The flotation particle size of spodumene is generally below 0.15 mm. When the particle size was 0.2 mm, the recovery rate of flotation was 61%, and when the particle size was 0.3 mm, the flotation recovery was 22%. It is one of the characteristics of spodumene flotation.

2 lithium mica Al203·3Si02.2 (KLi)F, containing Li20 1.2% to 5.9%. The coarse-grained lithium mica is enriched by hand selection, air separation or friction, and the fine-grained lithium mica is recovered by flotation. The lithium mica collector is preferably a cationic collector, and when octadecylamine is used, the lithium mica is well floated in both acidic and neutral media. Unactivated lithium mica cannot be recovered by oleic acid, and after activation with hydrofluoric acid, better indicators can be obtained.

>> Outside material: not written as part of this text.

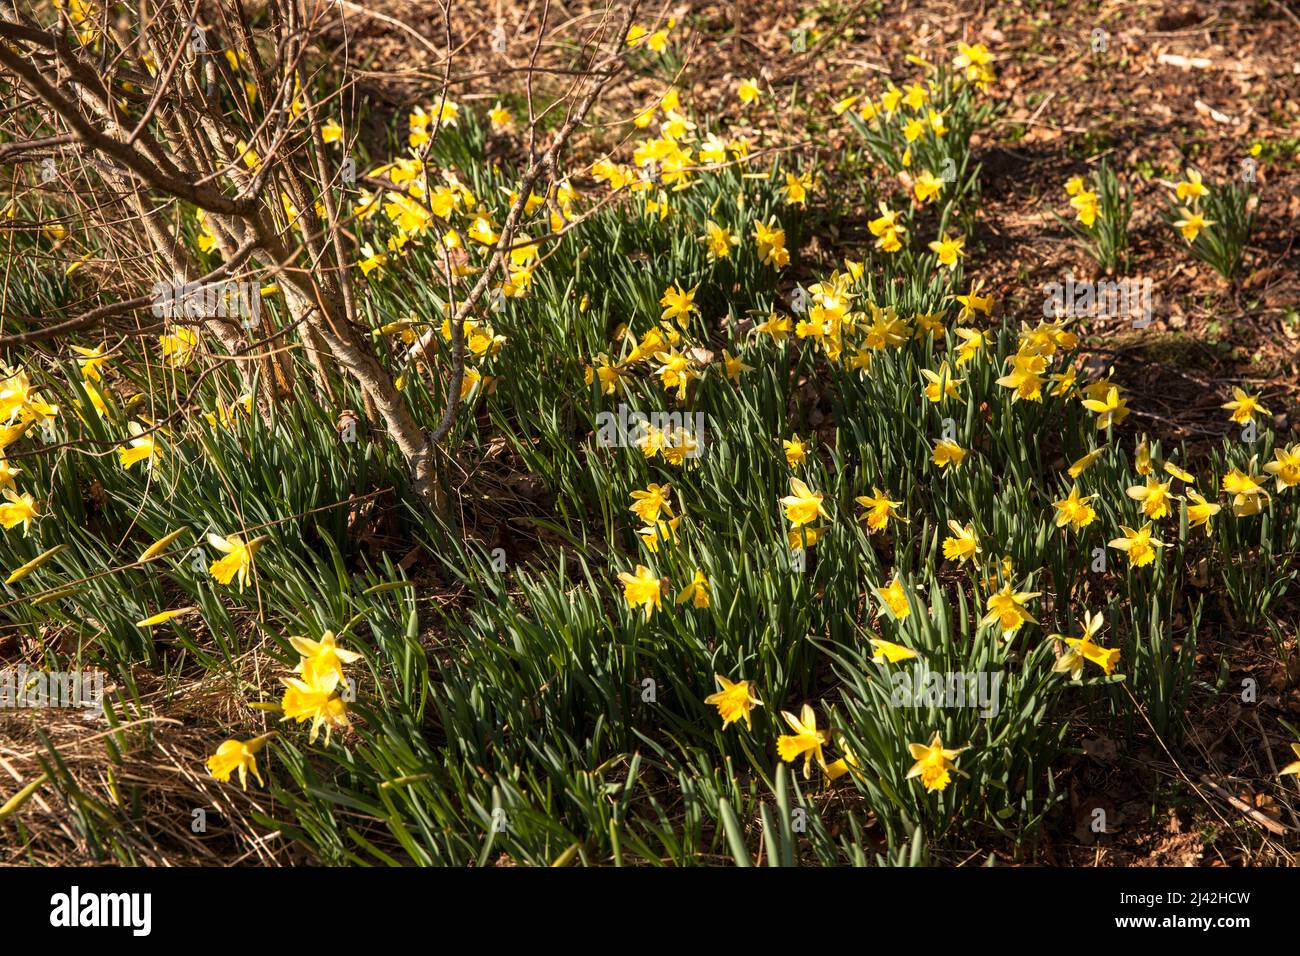 wild Narcissus grow in the nature reserve Perlenbach-Fuhrtsbachtal valley near Monschau in the Eifel region, North Rhine-Westphalia, Germany. wilde Na Stock Photo
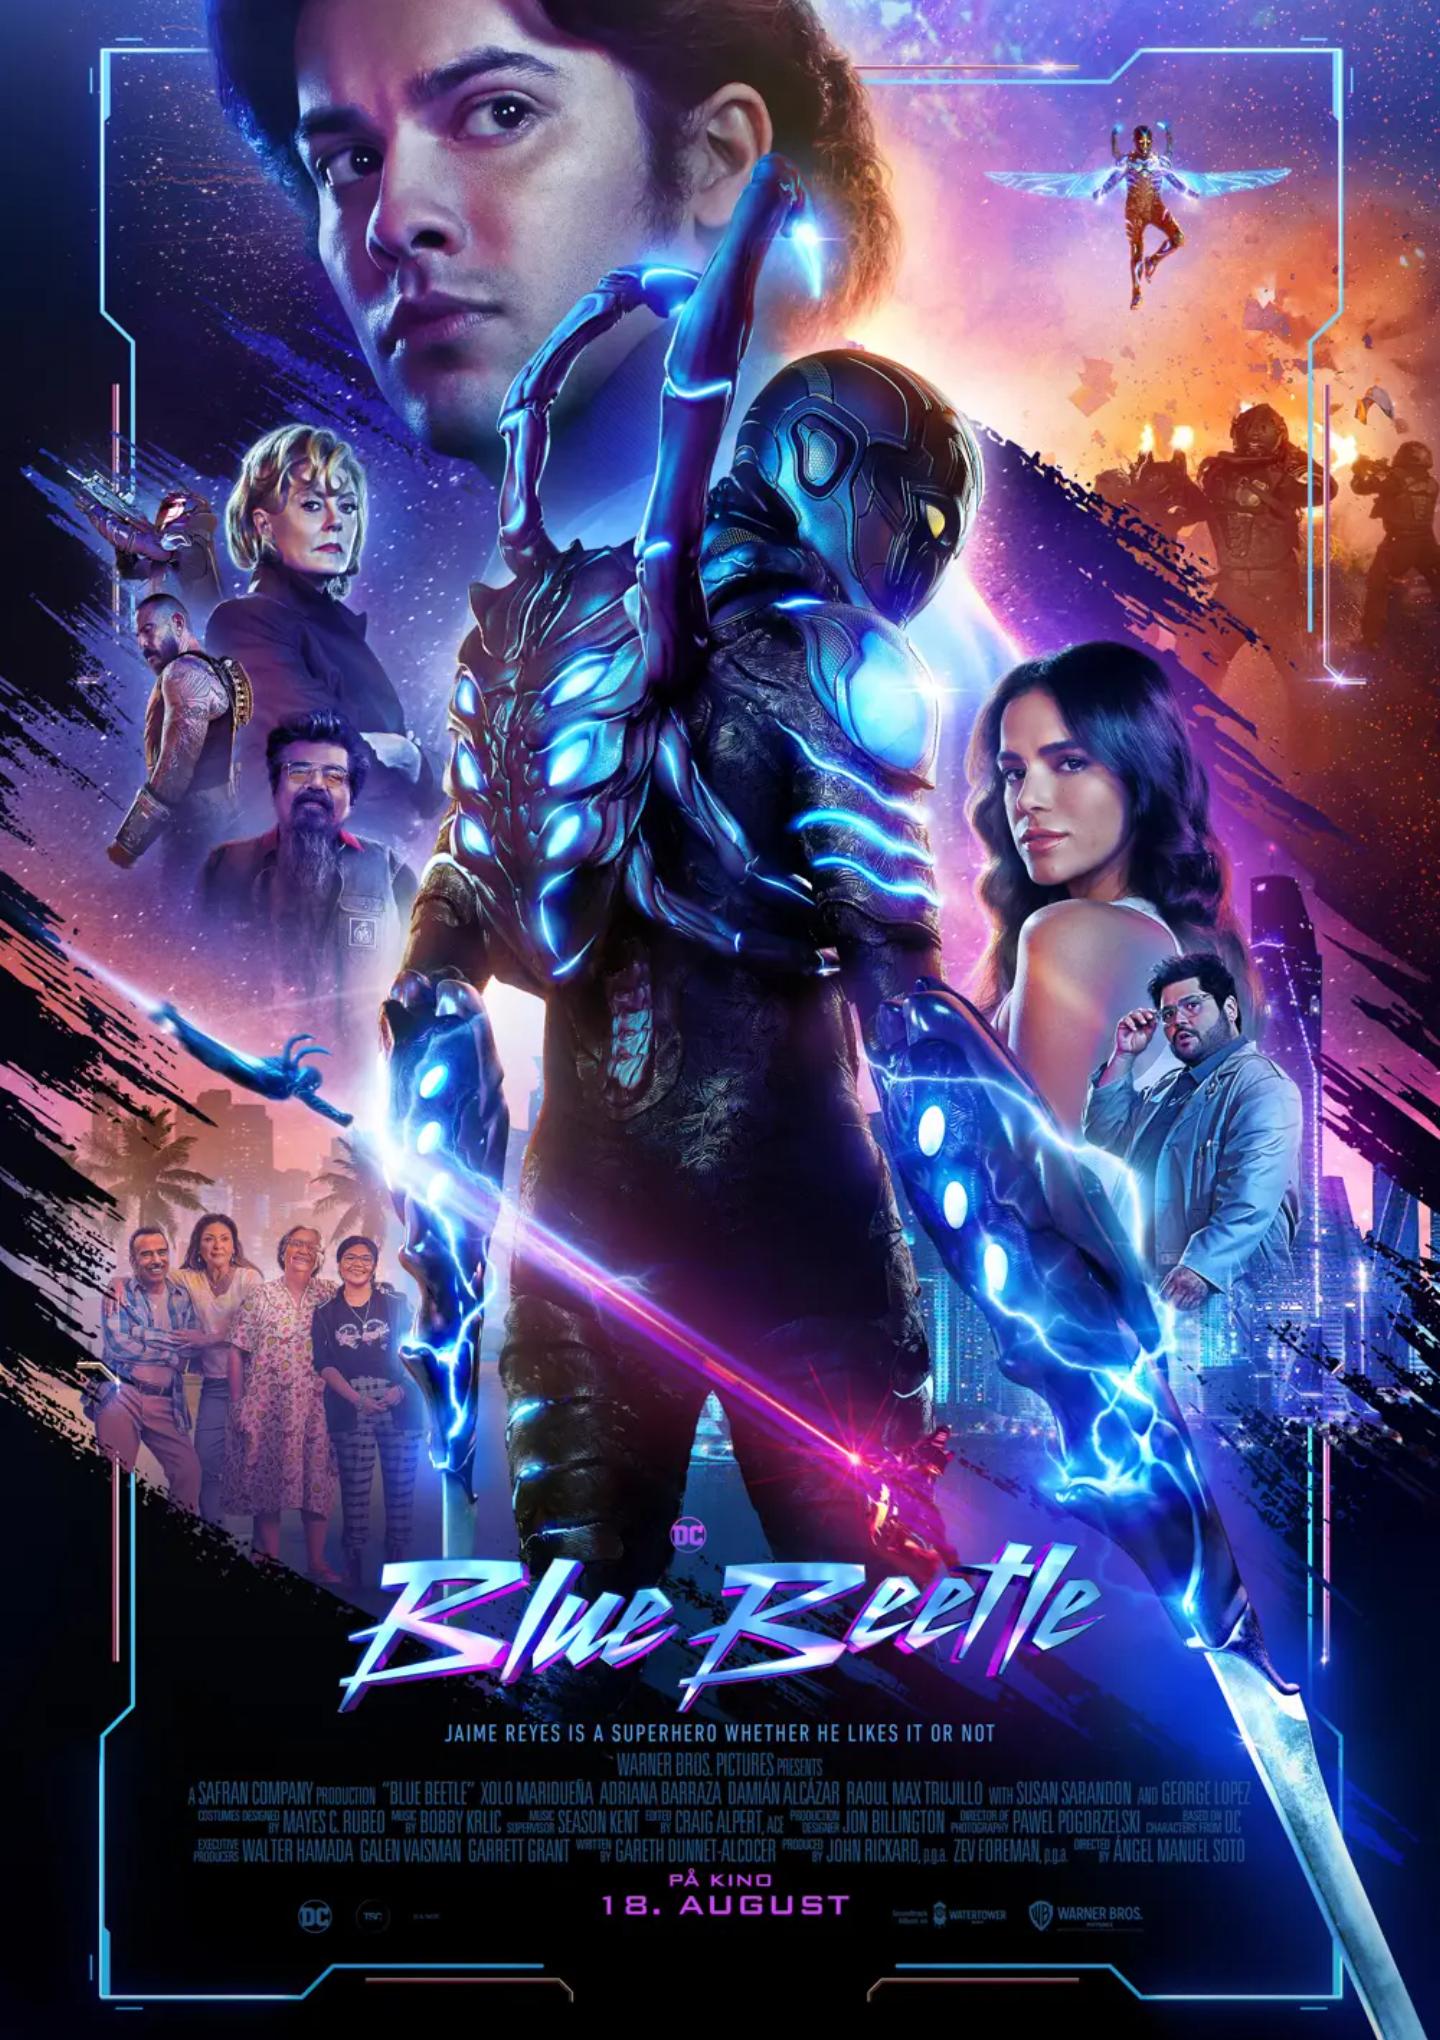 Plakat for 'Blue Beetle'

Some iron salts, lead salts, sodium sulfide, sodium hydrogen phosphate starch and pulp, and the like can be suppressed lepidolite. Lithium carbonates and sulfates activate lithium mica. When octadecylamine is used to select lithium mica, the best activators are water glass and lithium sulphate, while strong inhibitors are mixtures of bleaching powder, sodium sulphide and starch. The nitrates of copper, aluminum and lead are inhibitors of lithium mica, while the sulfates of copper and aluminum are activators of lithium mica.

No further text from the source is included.